# Baldwin County QDM club looking for one member



## Ron4GA (May 4, 2021)

I have a new job that is moving us back to Florida and my spot needs to be filled. Club is located in southwest Baldwin County. Around 950 acres of QDM property. Space for campers is available, pin in/out. $950/year. Handful of work days. Best way to get more info is shoot me a text and I'll pass on club managers info. I'm packing up to move and wont be on here much. 850-420-4605. Ron Mann


----------



## Gator89 (May 4, 2021)

Ron4GA said:


> I have a new job that is moving us back to Florida and my spot needs to be filled. Club is located in southwest Baldwin County. Around 950 acres of QDM property. Space for campers is available, pin in/out. $950/year. Handful of work days. Best way to get more info is shoot me a text and I'll pass on club managers info. I'm packing up to move and wont be on here much. 850-420-4605. Ron Mann



Buy your lifetime license before your residency status changes.

You will thank me later.


----------



## gambo38 (May 19, 2021)

How many acres and is it still an opening


----------



## Gmjustice (Jun 28, 2021)

Ron4GA said:


> I have a new job that is moving us back to Florida and my spot needs to be filled.
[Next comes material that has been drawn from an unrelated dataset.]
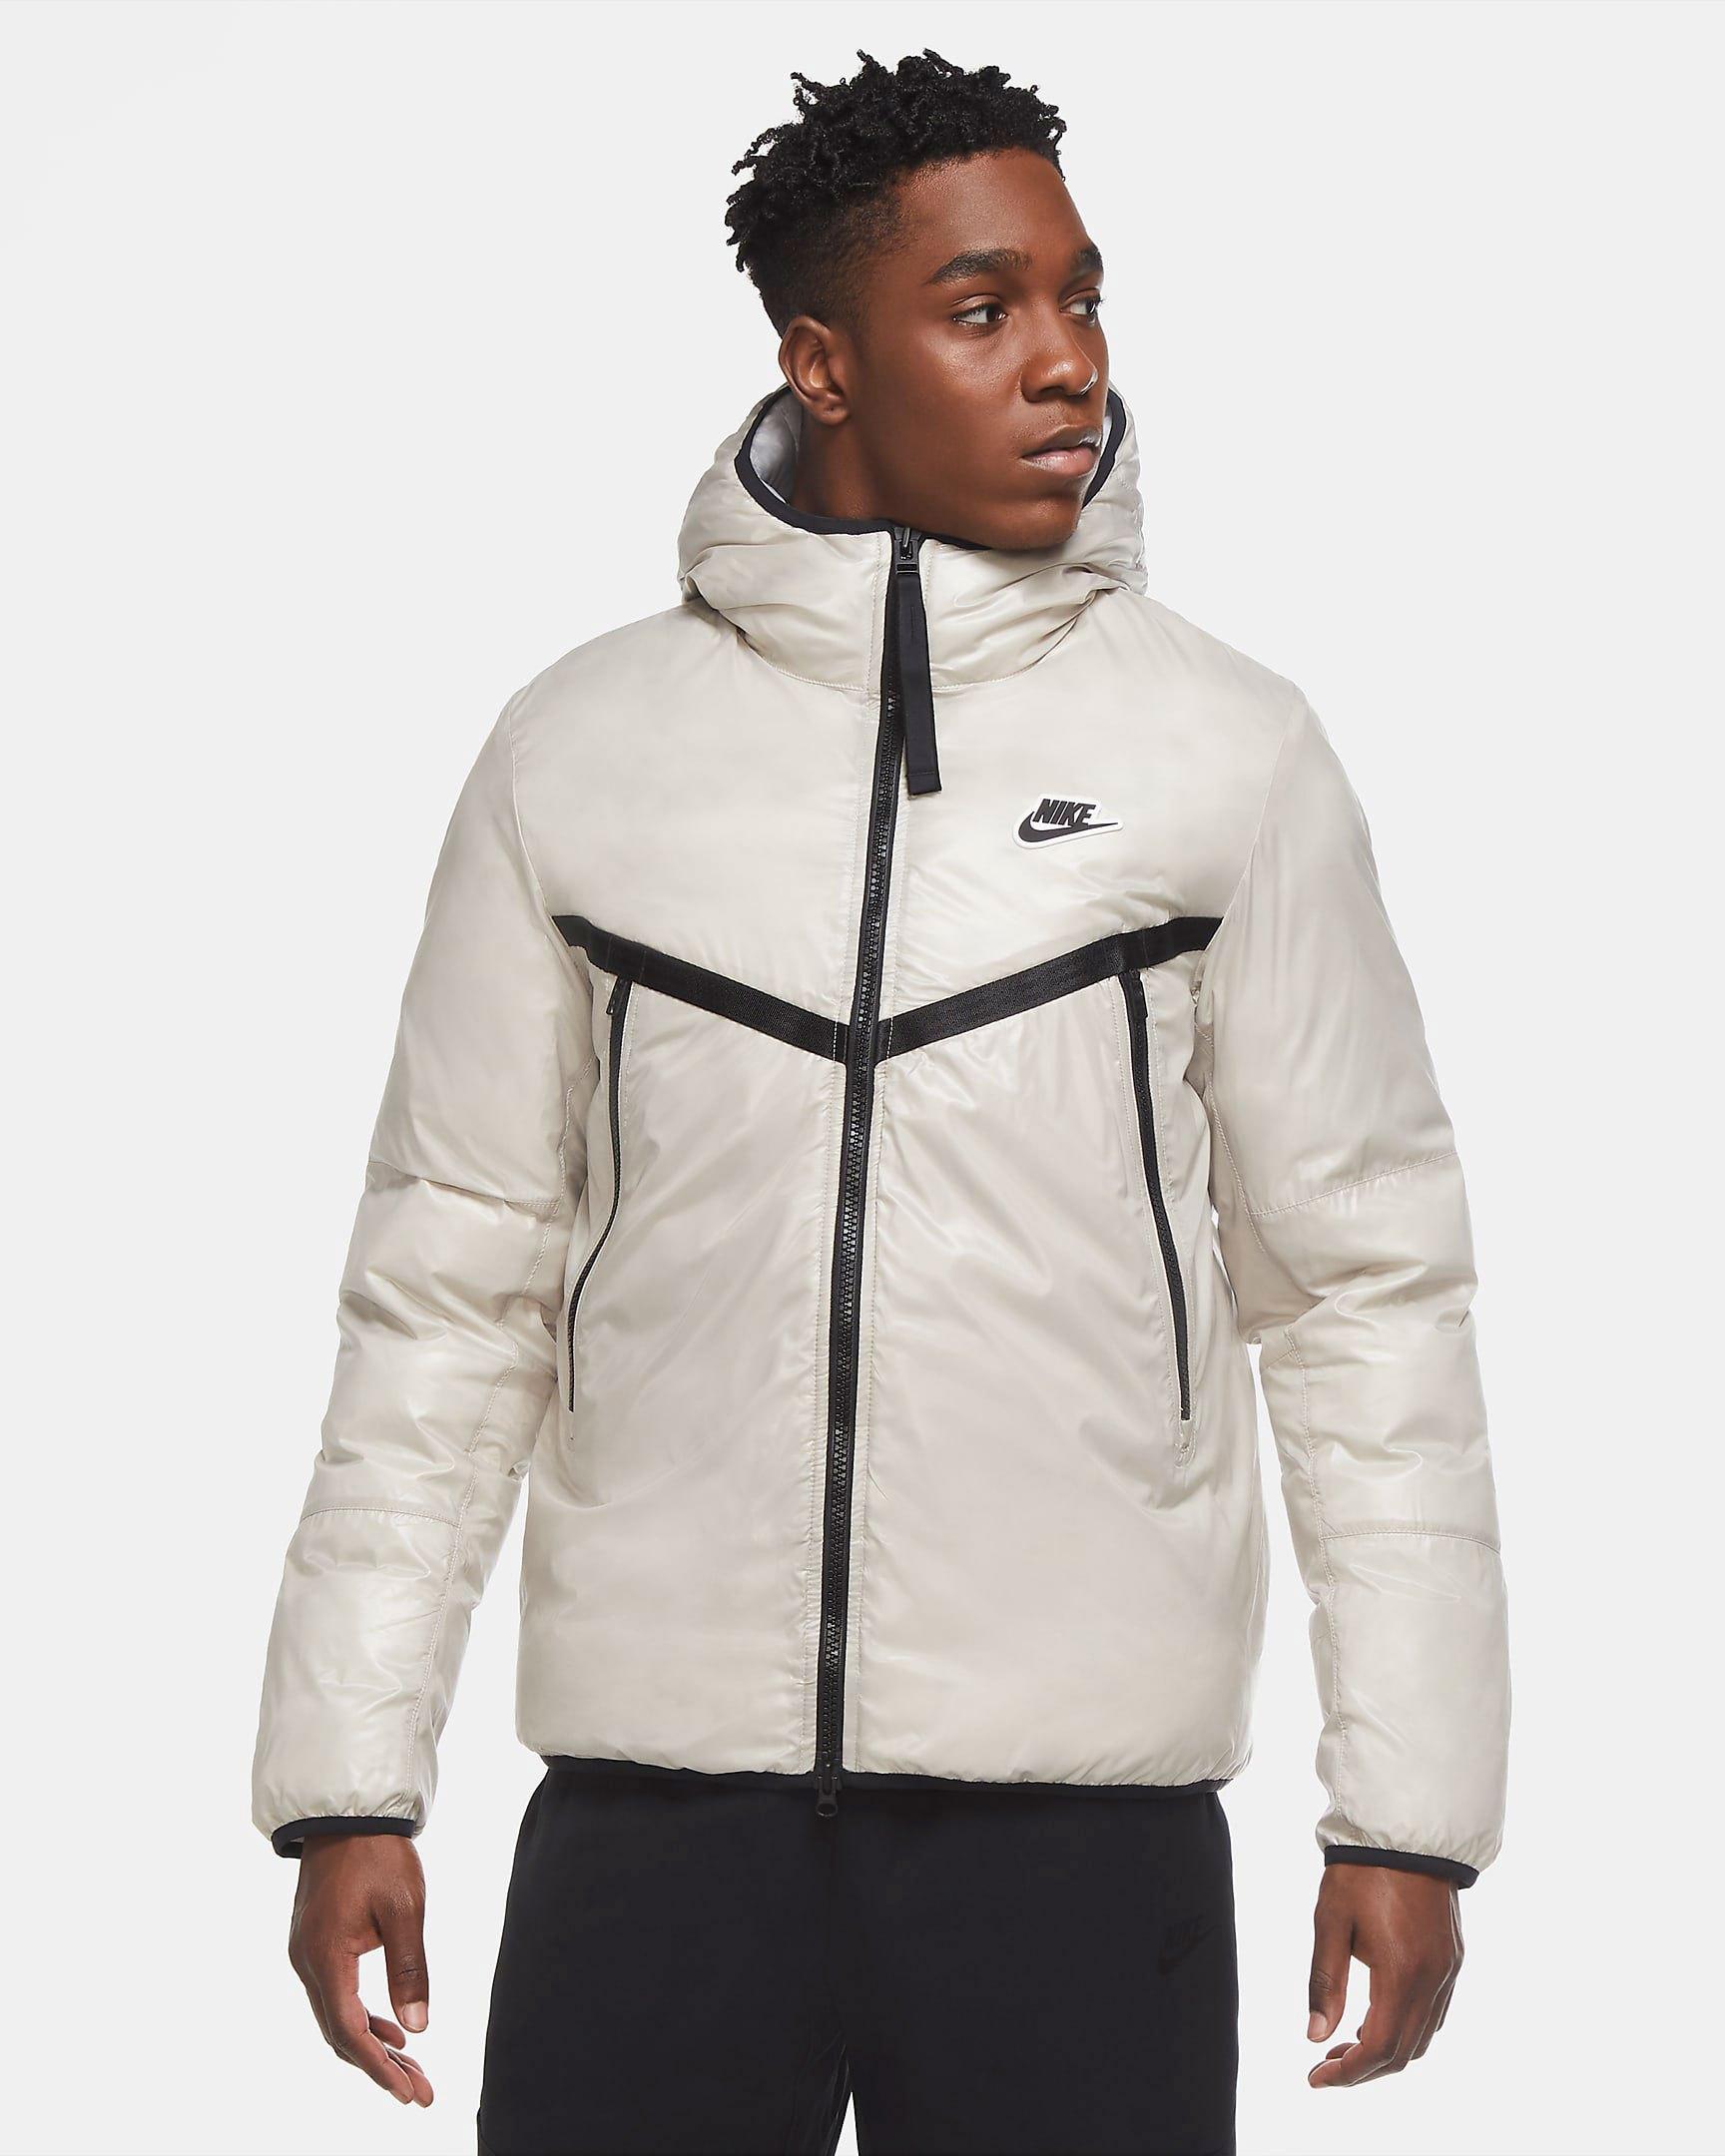 nike-sportswear-repel-fill-jacket-stone-white

Club is located in southwest Baldwin County. Around 950 acres of QDM property. Space for campers is available, pin in/out. $950/year. Handful of work days. Best way to get more info is shoot me a text and I'll pass on club managers info. I'm packing up to move and wont be on here much. 850-420-4605. Ron Mann


----------



## LTFDretired (Jul 10, 2021)

Gator89 said:


> Buy your lifetime license before your residency status changes.
> 
> You will thank me later.


That is what I did. Great recommendation!


----------



## Ron4GA (Sep 9, 2021)

Fellas, I have no idea if this spot is still open. Haven't talked with the dude since he sent my deposit back. I will say this.... I would stay away from this club. Members shooting perfectly legal deer by the QDM standards the club has, and the guy running the place wanted to have a meeting with all members right after this telling everyone "his expectations" on what was a shooter. Between this and vehicles passing "foot traffic only" signs to get to a blind...... I could go on, but I have better things to do. Good luck to everyone this season.


----------